伏冥囂的確是傷心,他這個如明月般皎皎、天賦異稟又飽讀詩書的愛子,是他和愛妻唯一的愛情結晶,是他們千尋萬求,凌萱豁著性命要來的孩子,慕白是他心中最大的驕傲。
但天嫉英才,慕白生來孱弱,一生疾病纏身,最終還是含憾離世,讓他飽嘗白髮人送黑髮人的喪子巨痛。
成烈用手抹了一把淚,擔心父王悲傷過度,哽咽道:“父王,請保重聖體”。
魔王伏冥囂在成烈的攙扶下,顫巍巍站起身,滿眼悲慼地望向大祭司祭淵,問:“說說吧,這是怎麼回事?”。
見祭淵掃看一眼洞內武士,成烈心領神會,揮手示意武士退下。
見武士都出去後,祭淵輯手稟告,“稟告魔王,二王子辭世已有三千餘年,神體在這龍氣充盈之地,調養的很好”。
伏冥囂一臉不悅道:“出這般狀況,也能算好嗎?”。
祭淵撇看著魔王的臉,小心翼翼地回著話,“稟魔王,臣昨夜查觀星盤,發現鹿小舞的命星,暗了又明,猜測可能有事發生,緊接著就得到報告,說冰洞開始融化,臣馬上趕來調查,發現冰川和雪稽山……都沒有任何異樣,只是這冰洞在融化,而熱浪……是來自二王子的身上。兩種異樣同時出現,臣猜想……或許他二人心有所通,才引起二王子……如此劇烈的反應。”
“會是這樣?他二人……怎麼可能有感應?”
“哦,稟魔王,二王子神識隨神體陷入沉睡,但若元神有變,還是會有所察覺,何況他二人……也很是心有靈犀”

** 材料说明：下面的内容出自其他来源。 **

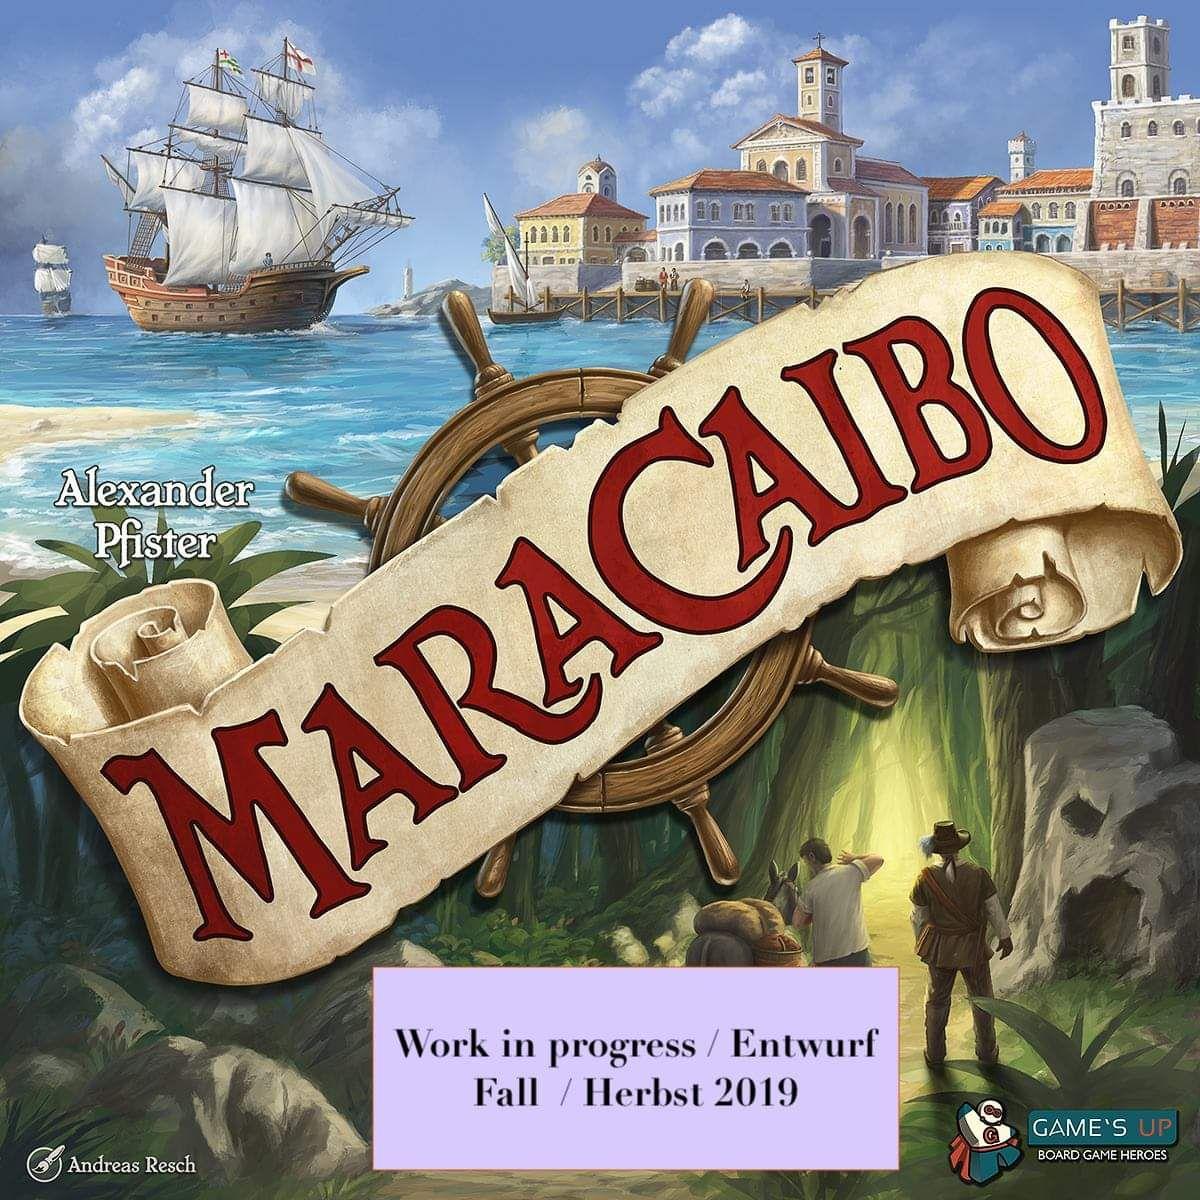 Novedades Mayo 2020 - Maracaibo

魔王心中一凜,面帶急色問:“是慕白的元神出了差子嗎?可能挽救?”。
祭淵沉下眉眼,思索了好一陣,又施禮回話:“恕臣無能,臣還不能分辨,此番是二王子的……還是鹿小舞的元神……出了問題?但也請魔王莫再擔心,最壞的時刻,應該已經過去。臣覺得,還是先找到那女孩……是首要之事,臣最擔心的,還是以後的狀況”。
伏冥囂聽罷,陰沉著臉,目光凜厲地看向成烈。
本就羞愧難當的成烈,看到父王掃過來的不悅目光,心內頓時惶恐,也不管地上有水,“撲通”一聲跪地請罪,“父王,是兒臣辦事不利,讓父王憂心了,兒臣有罪,還請父王息怒,保重聖體”。

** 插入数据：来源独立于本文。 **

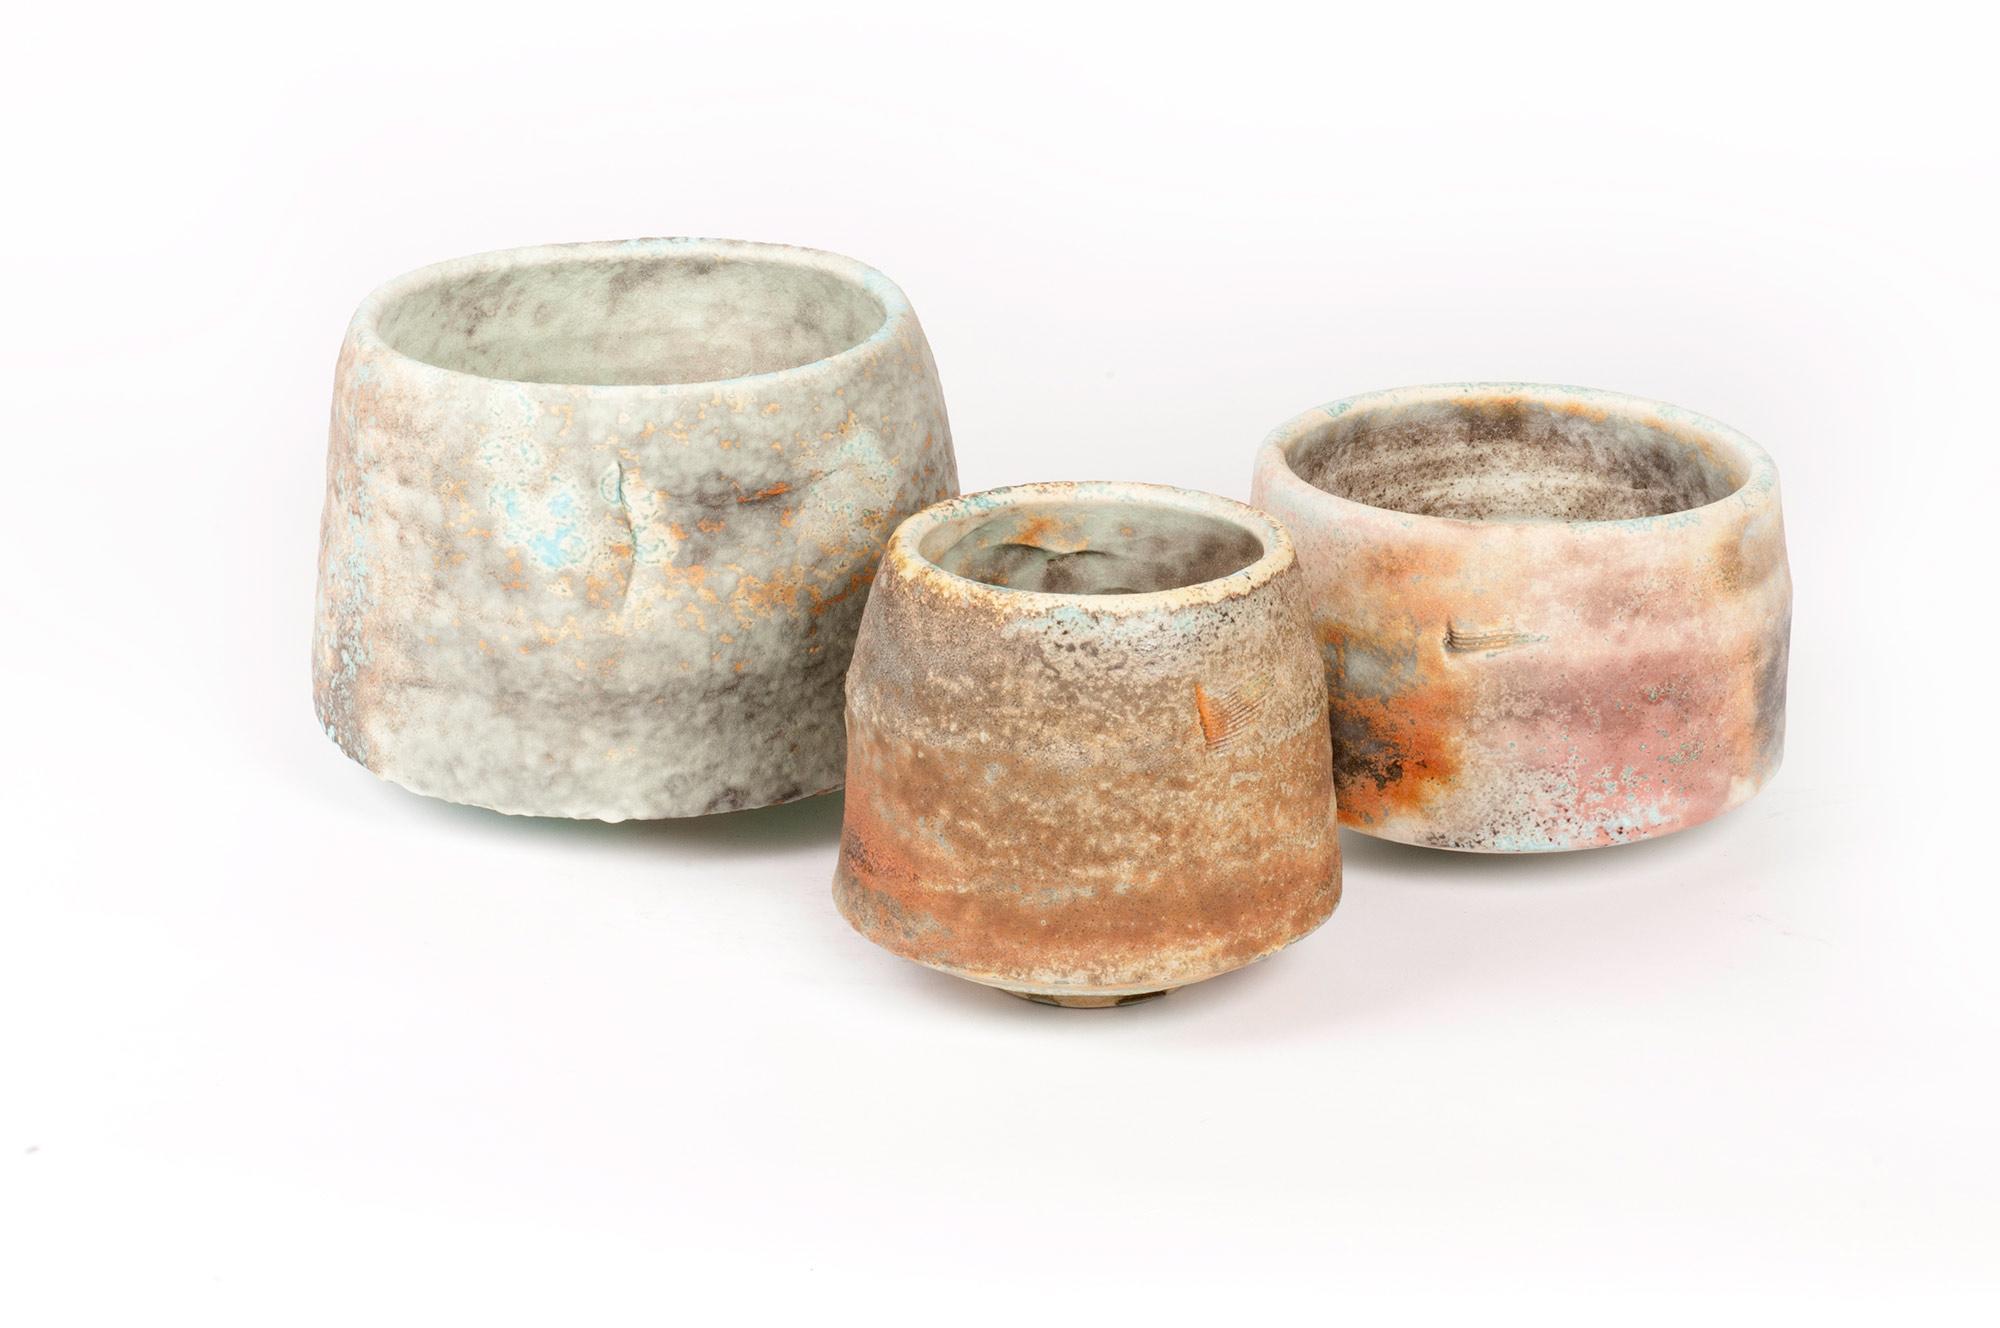 doherty-porcelain-three-carved-bowls.jpg

伏冥囂一臉冷冽,呵斥道:“成烈,你明明知道,鹿小舞對你弟弟有多重要,之前,你就疏於照管看護,讓一些散賊,就輕而易舉殺上兩儀山,逼丟那小姑娘。現在,都過去三百年了,竟連個影子都尋不到,你……你……你真是無能之極!難道?你成心不想讓慕白回來嗎?說!你是不是……有什麼不可告人的居心?”。
父王話說的太重了,那等同說他是弒弟欺父,成烈覺得天大的委屈,淚如雨下,扣頭哭道:“父王折殺兒臣了!兒臣絕無此想法,兒臣把慕白的命,看的……比自己的……要重百倍千倍!錯都是兒臣的,但憑父王處置,但請父王明鑑”。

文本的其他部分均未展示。